__Exercise prompt__.
The data below should be transcribed in full, with no picture included.

__Dataset excerpt__.

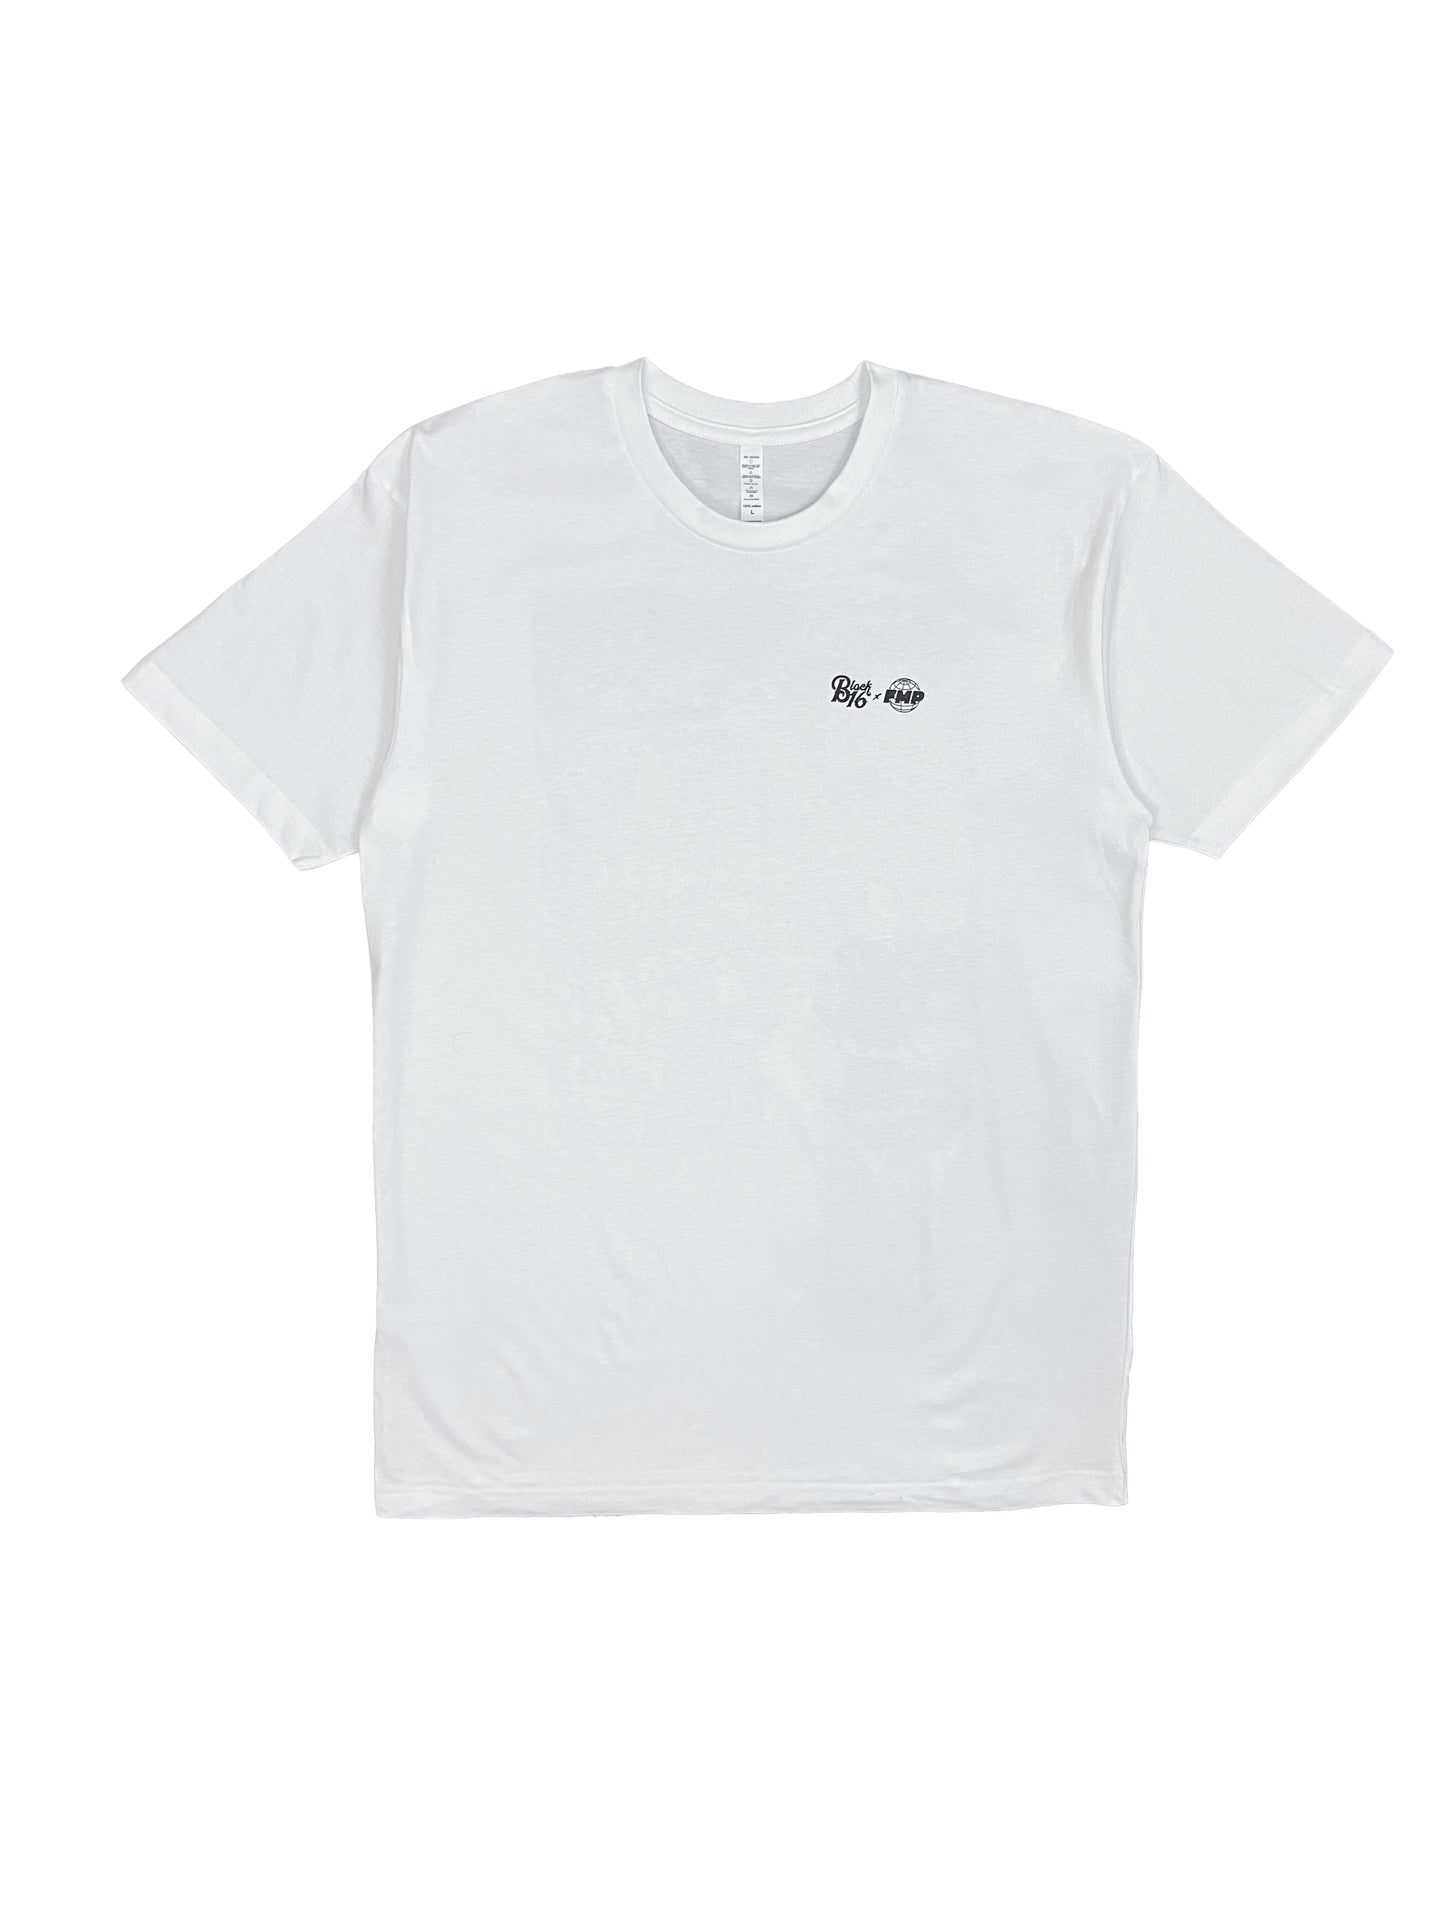 FMP x B16 Collab T-Shirt
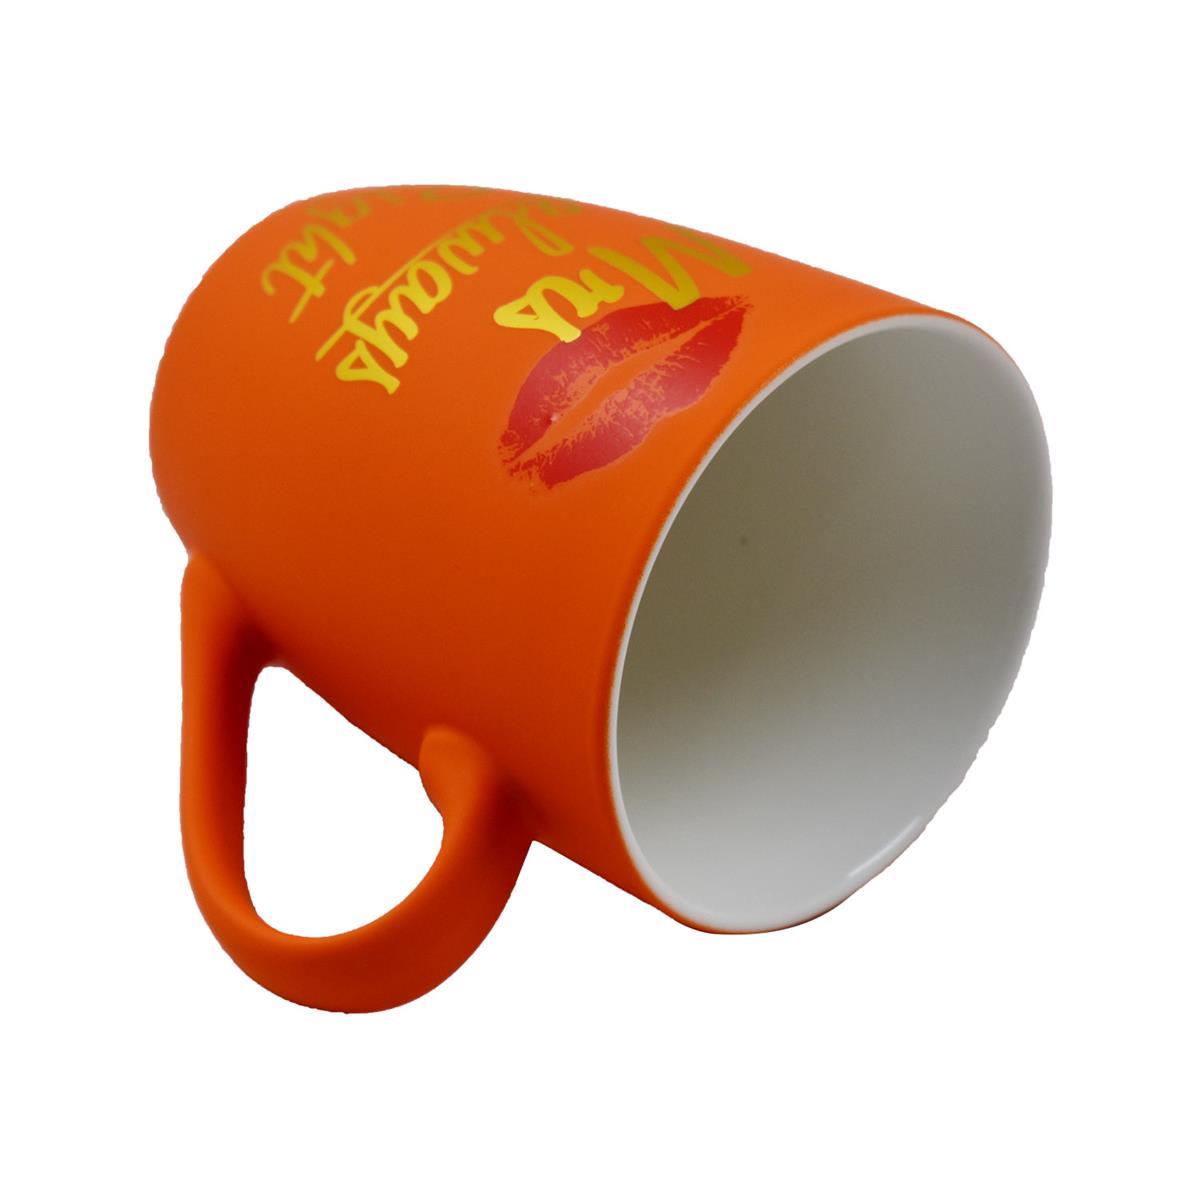 Printed Ceramic Coffee or Tea Mug with handle - 325ml (BPY190-C)
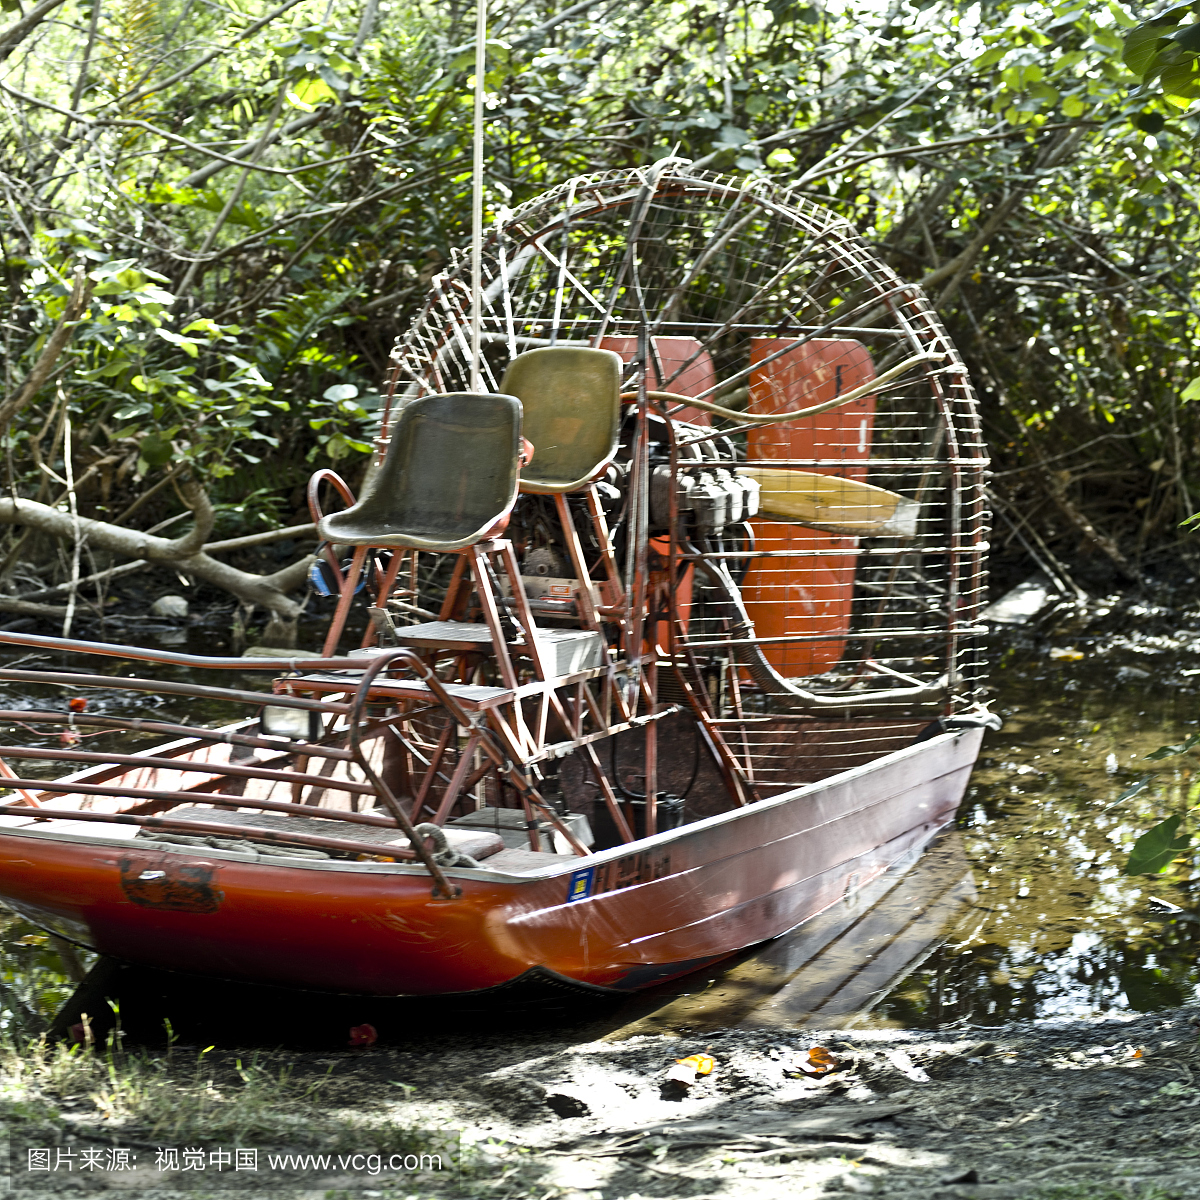 Sumpfboot在大沼泽地
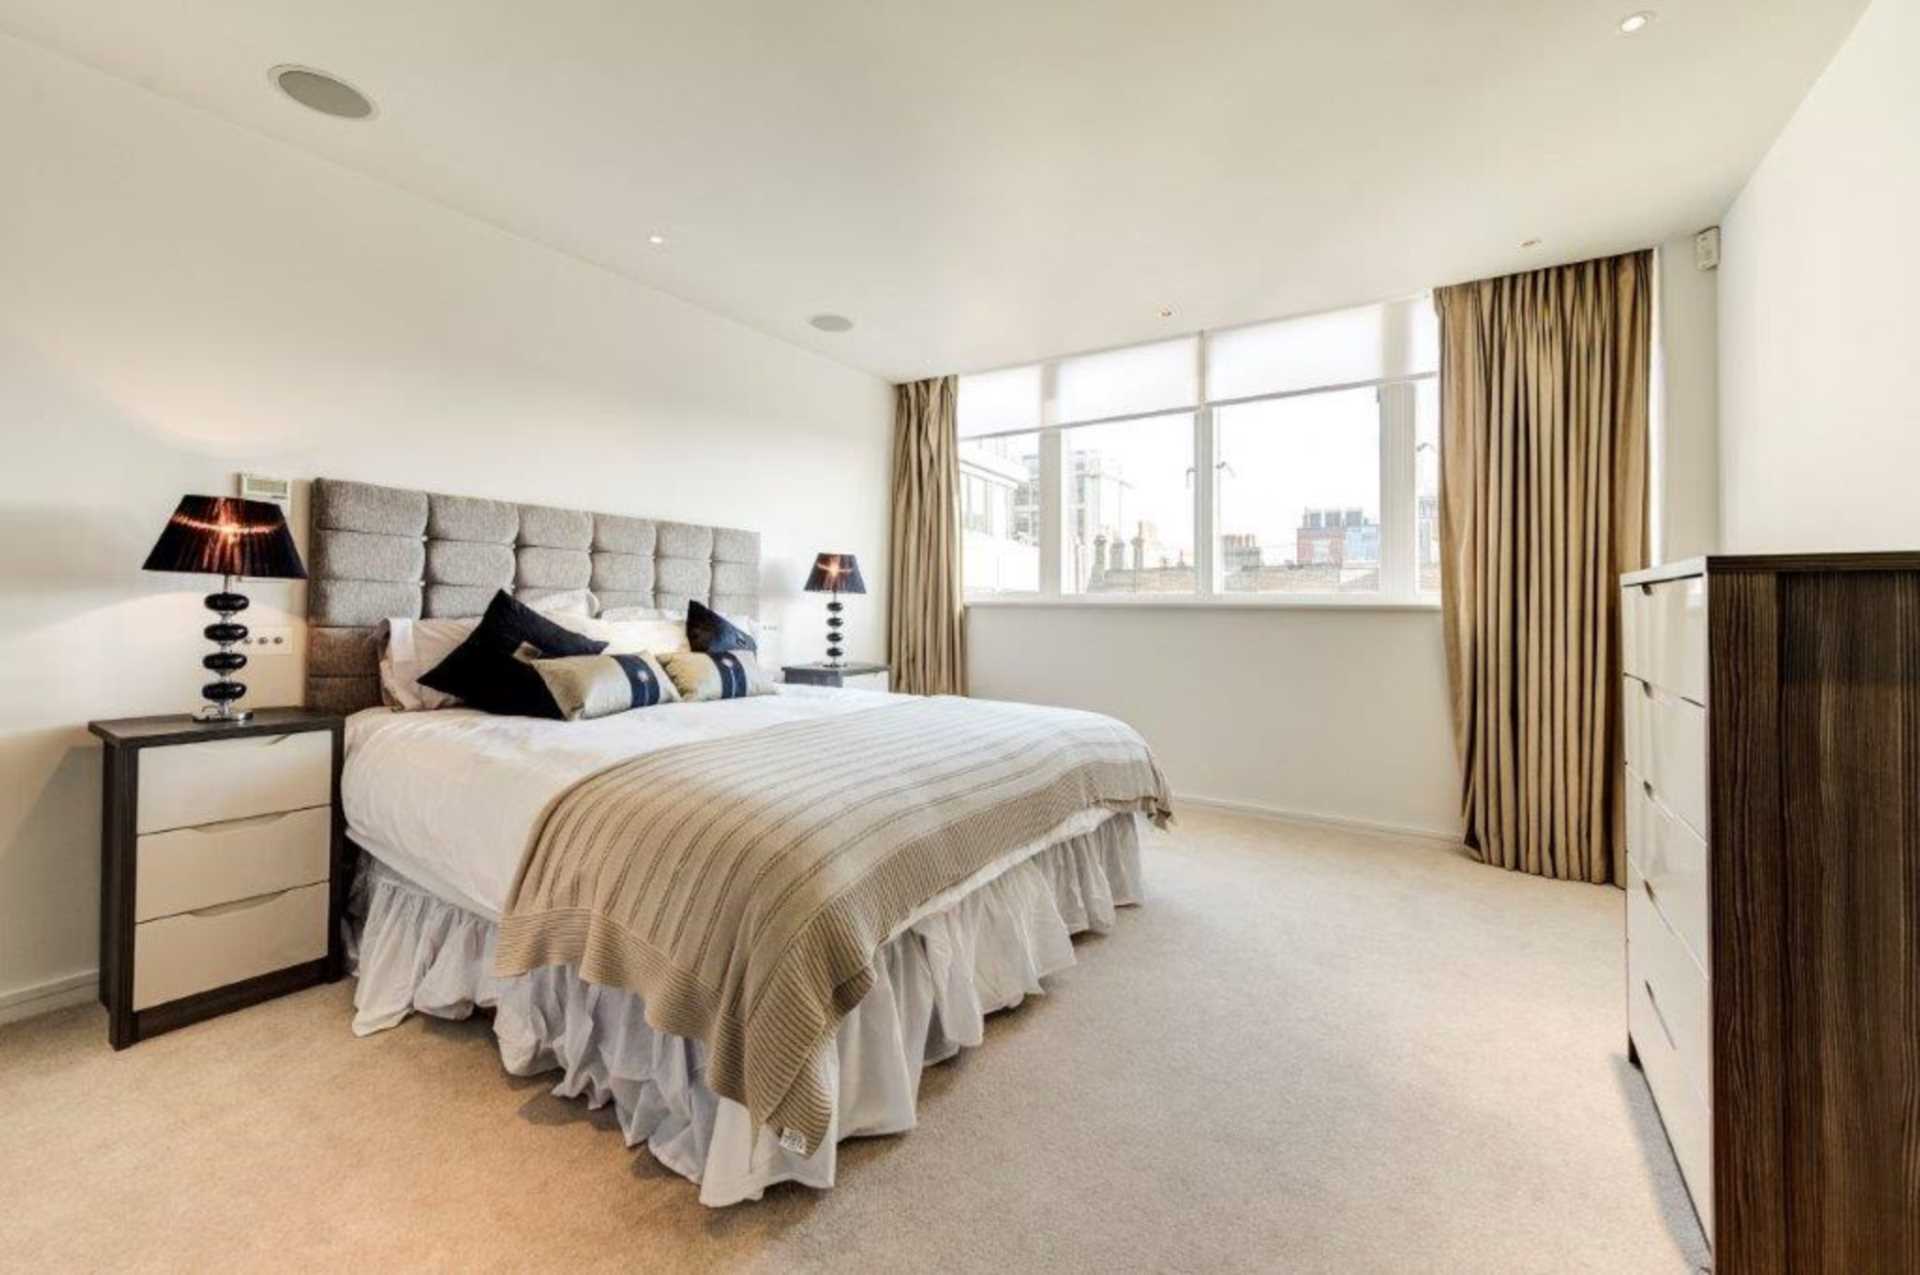 London W8 5EH 1 bed flat rental property internal/external image-4

__Response for this exercise__.
 FMP x B16 Collab T-Shirt
 Printed Ceramic Coffee or Tea Mug with handle - 325ml (BPY190-C)
 Sumpfboot在大沼泽地
 London W8 5EH 1 bed flat rental property internal/external image-4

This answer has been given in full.